PROVIDED ENTRIES:
────────────────
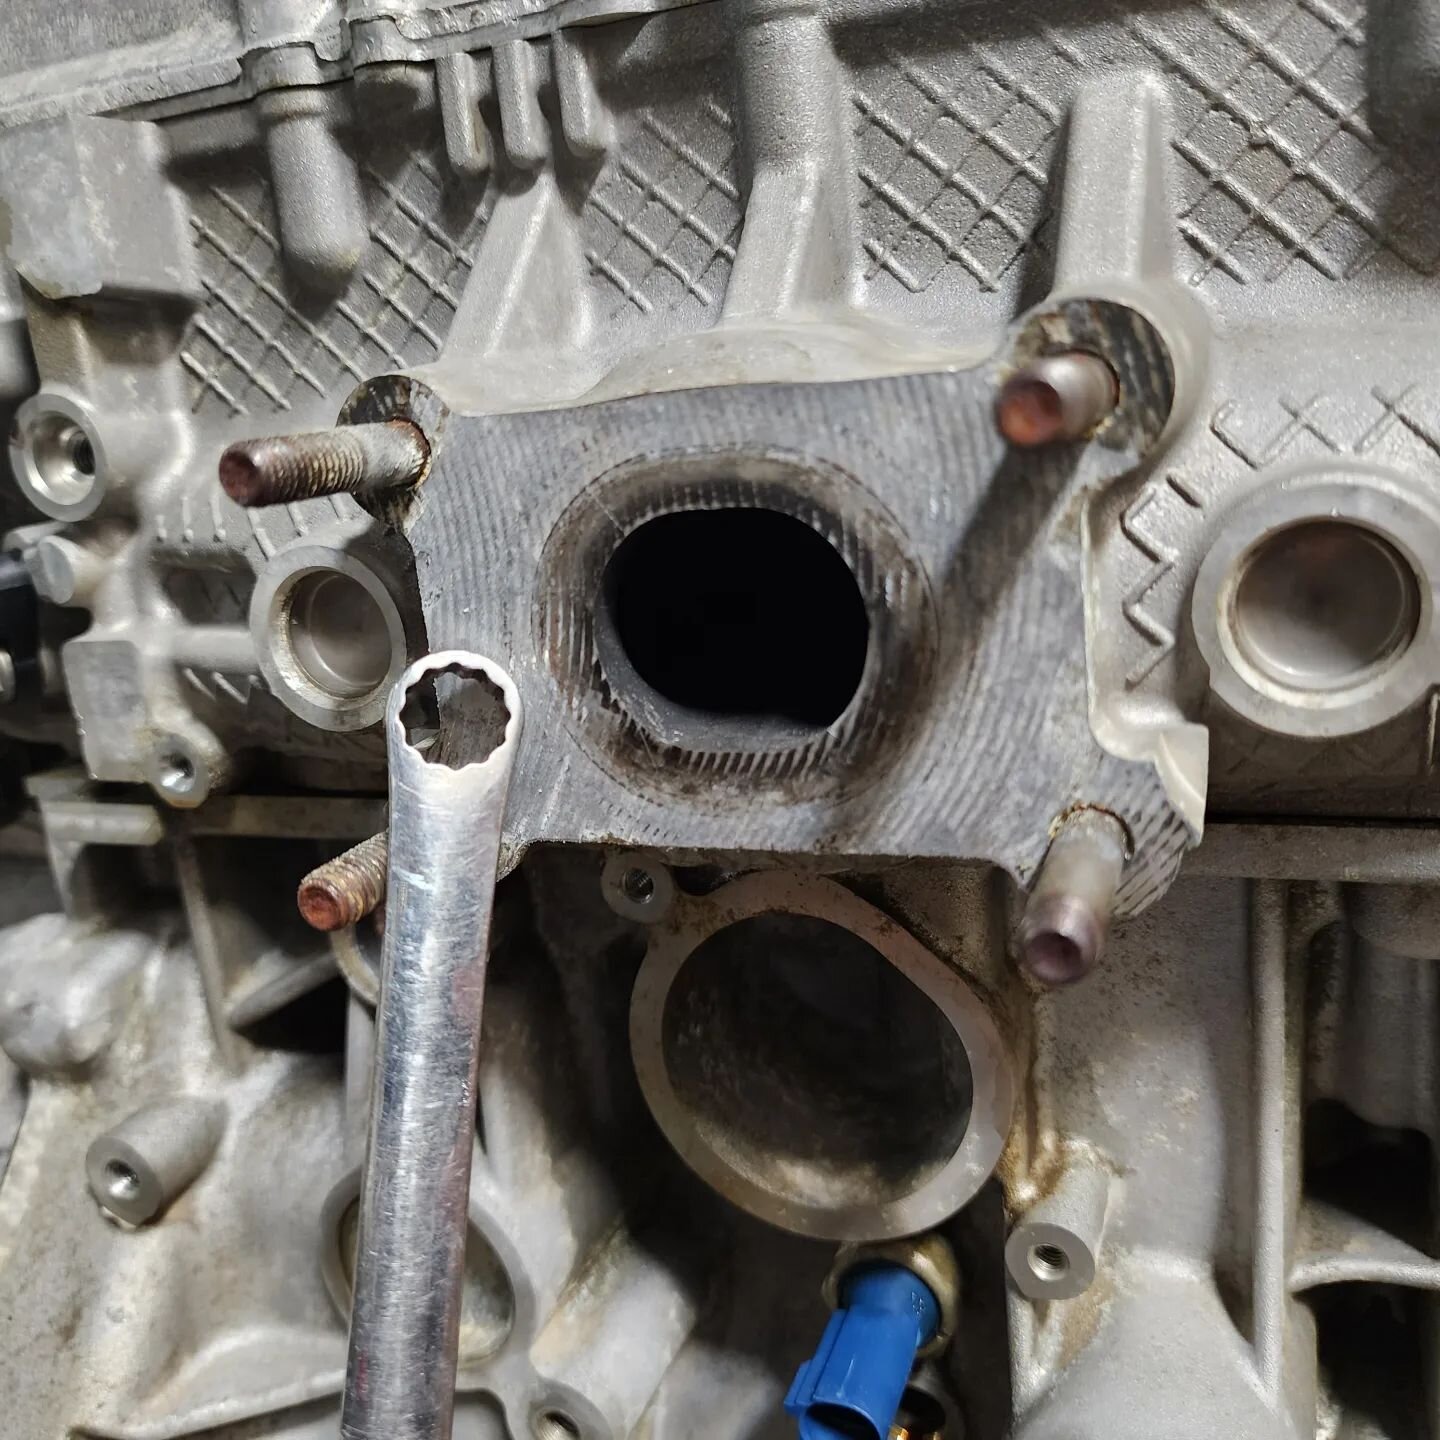 Look at this baby exhaust port! 12mm wrench for scale. This is on a Volkswagen 1.4 Turbo. 

#Volkswagen #turbo #turbocharger #turbocharging #engineering #enginedesign #mechanicsmemes
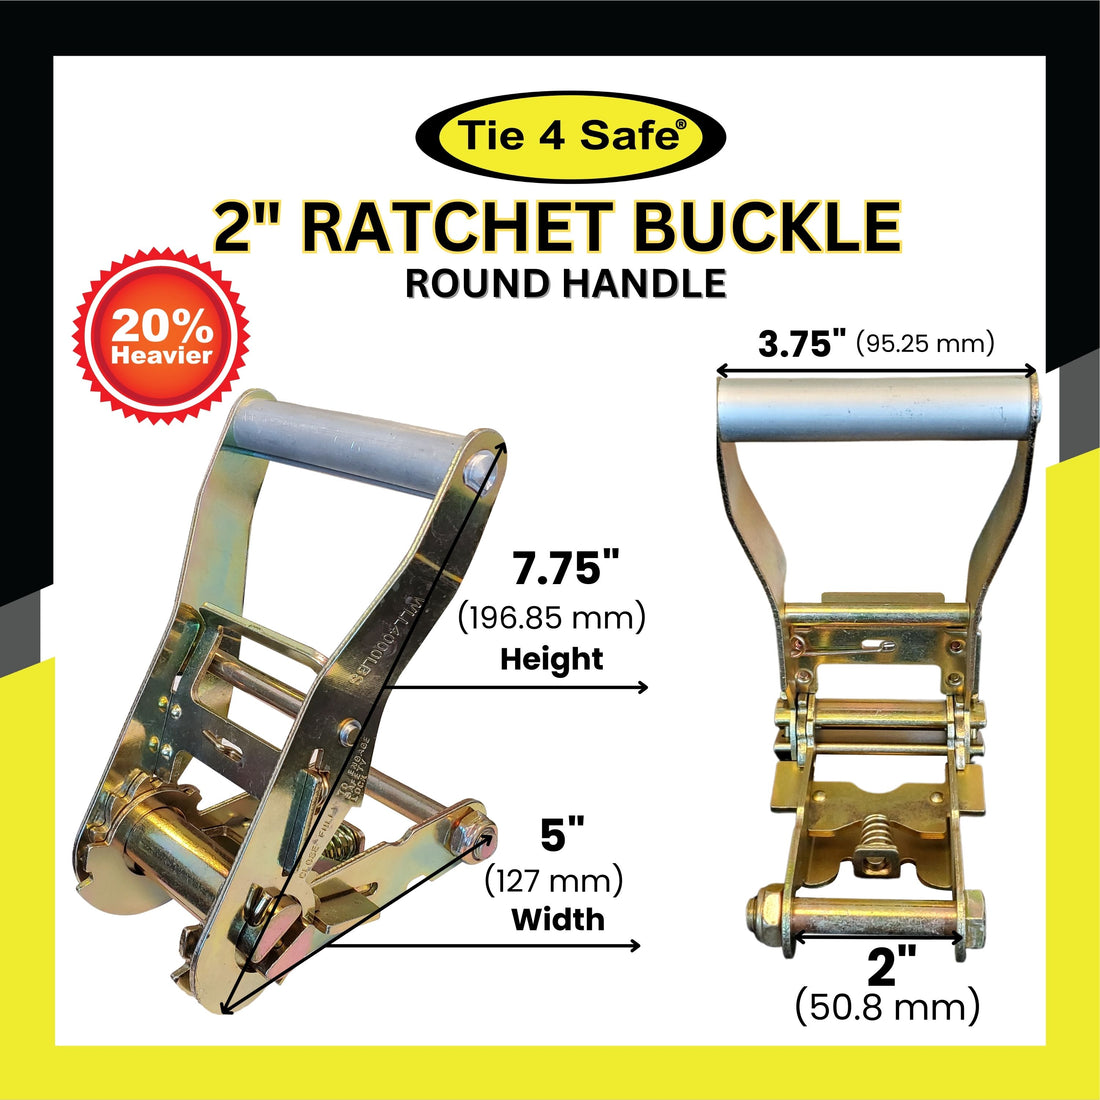 2" Ratchet Buckle With Handle Alum Grip. Double Security Corrugated
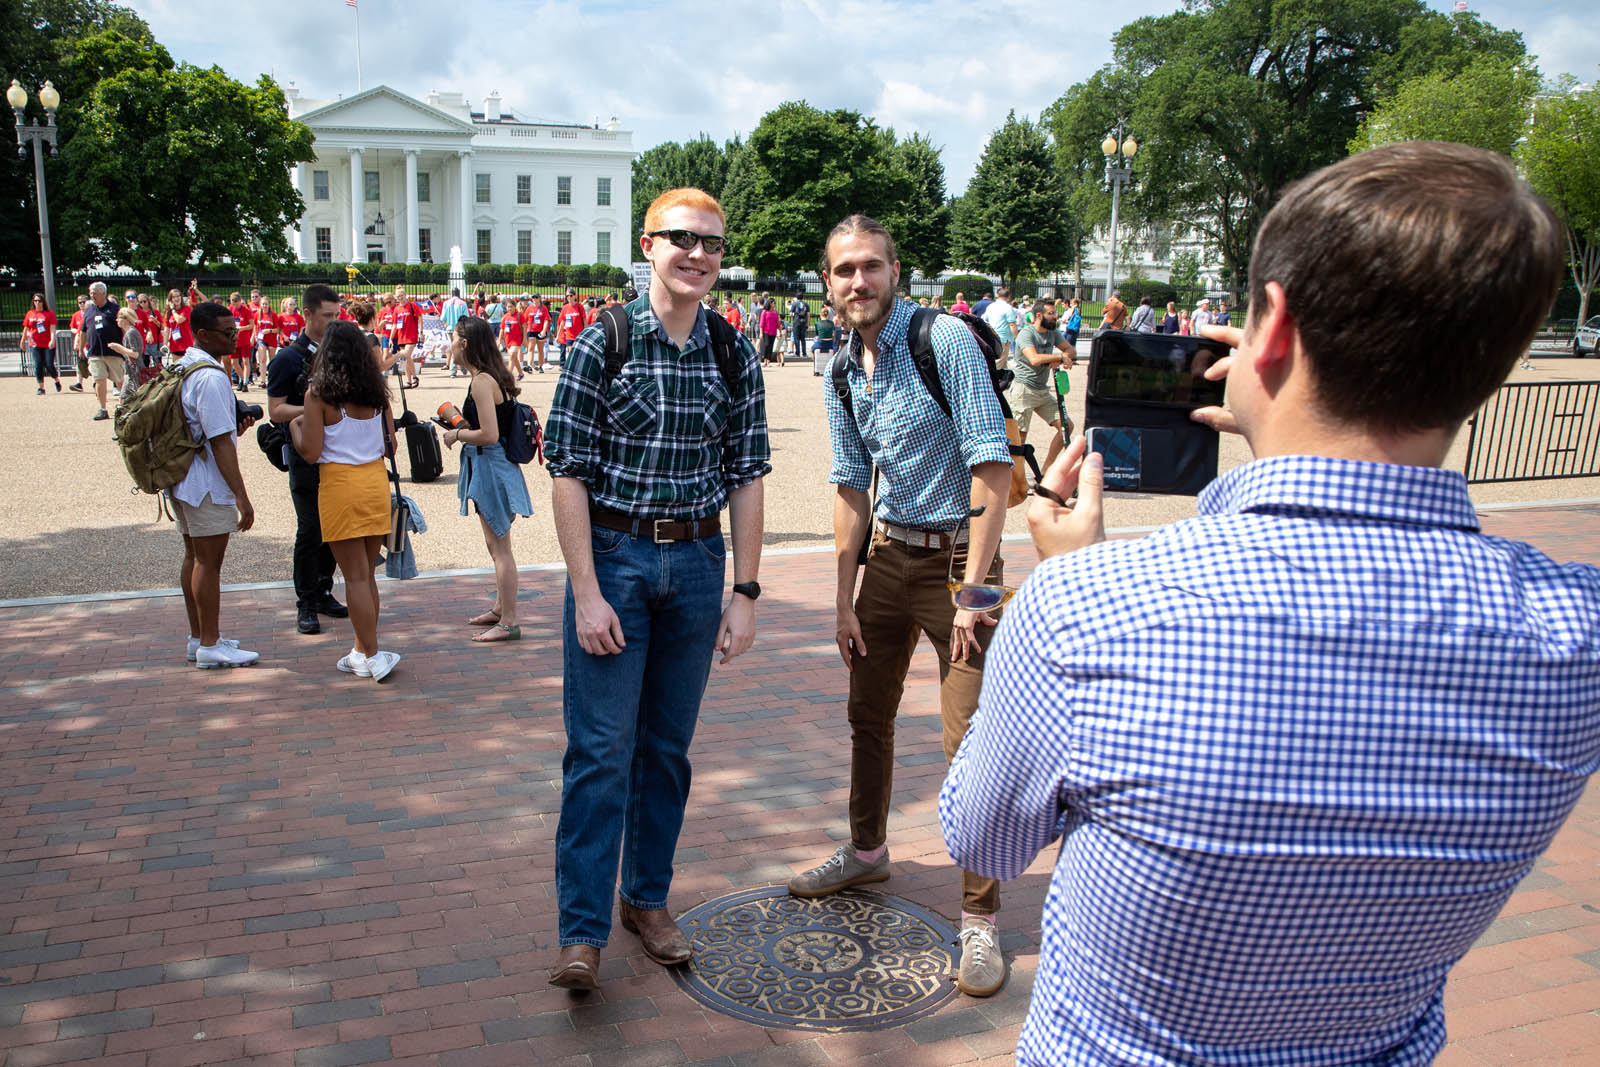 Instructor Corey Hutchins photographs Robert Schilling ’20 (left), and Max Chiaramonte ’20 (right), during an Introduction to Journalism class visit to the White House in Washington, DC, June 20, 2019. Photo by Lydia Thompson.
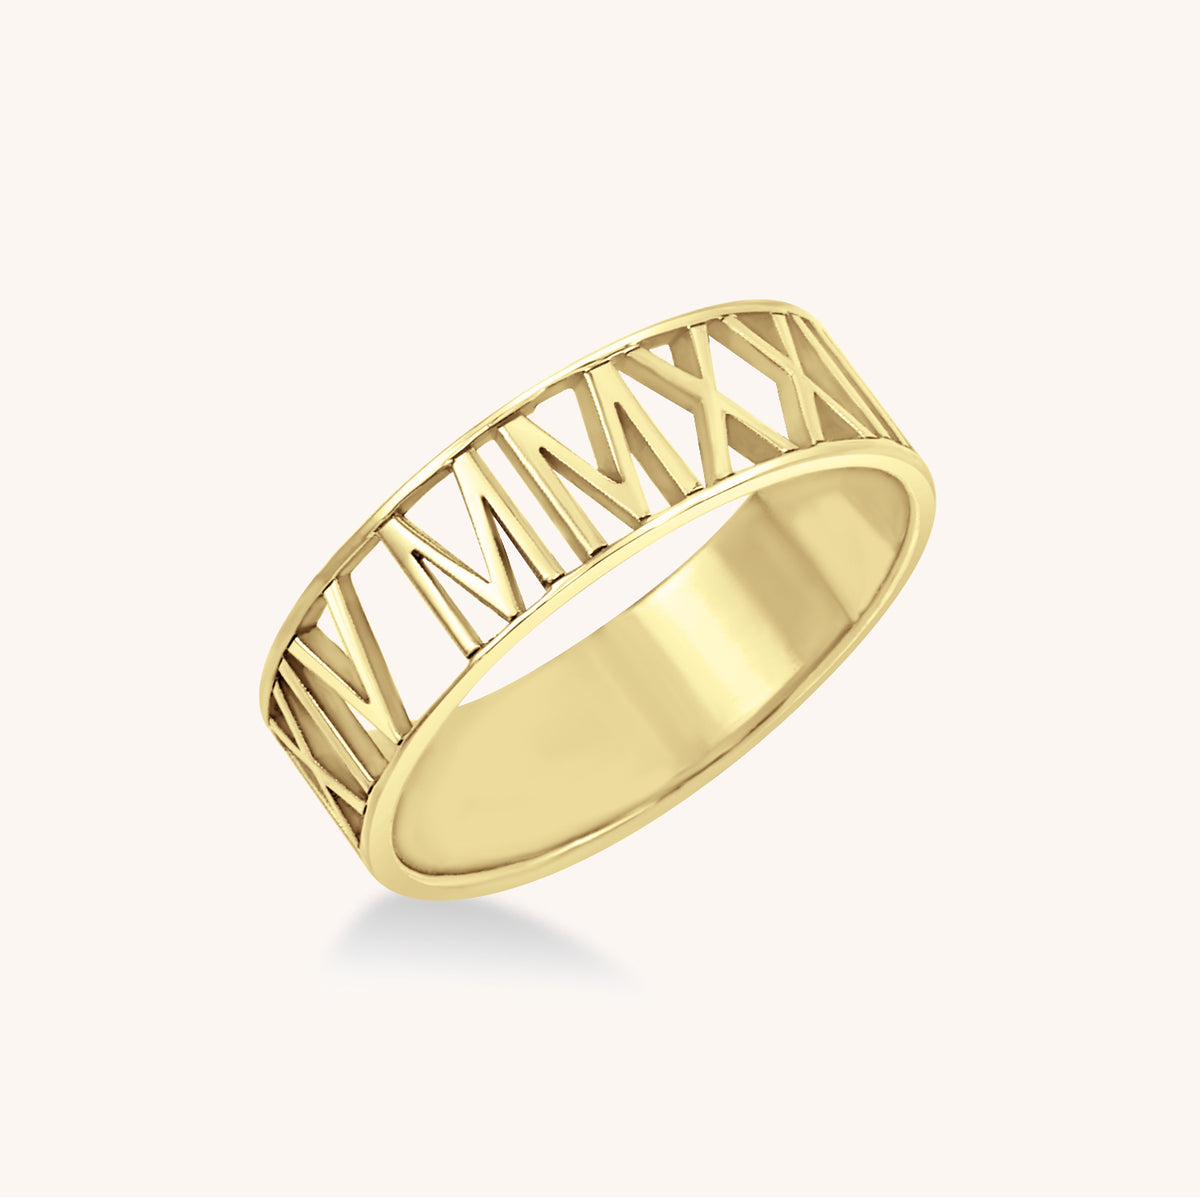 1922 Roman Numeral Date Ring
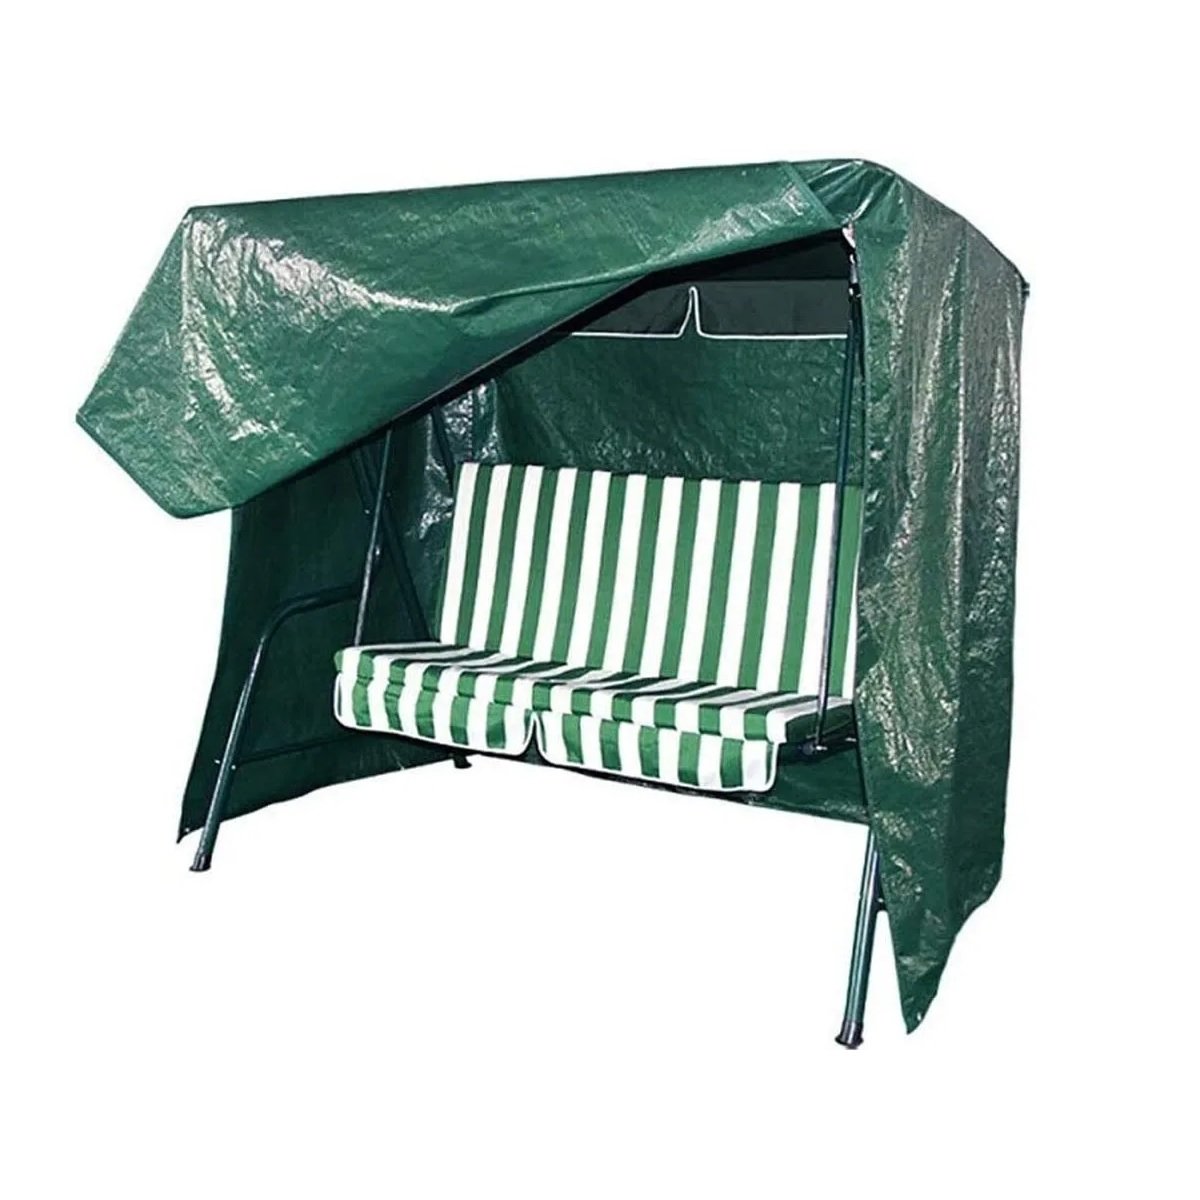 Waterproof 7ft 2.1m Garden Furniture 3 Seater Swing Bench Seat Cover
────────────────
WORK TO BE COMPLETED:
If a picture appears among the records, leave it out, and otherwise reproduce exactly every line from the first line through the one with "Double Security Corrugated", both included.

EXERCISE SOLUTION:
 Look at this baby exhaust port! 12mm wrench for scale. This is on a Volkswagen 1.4 Turbo. 

#Volkswagen #turbo #turbocharger #turbocharging #engineering #enginedesign #mechanicsmemes
 2" Ratchet Buckle With Handle Alum Grip. Double Security Corrugated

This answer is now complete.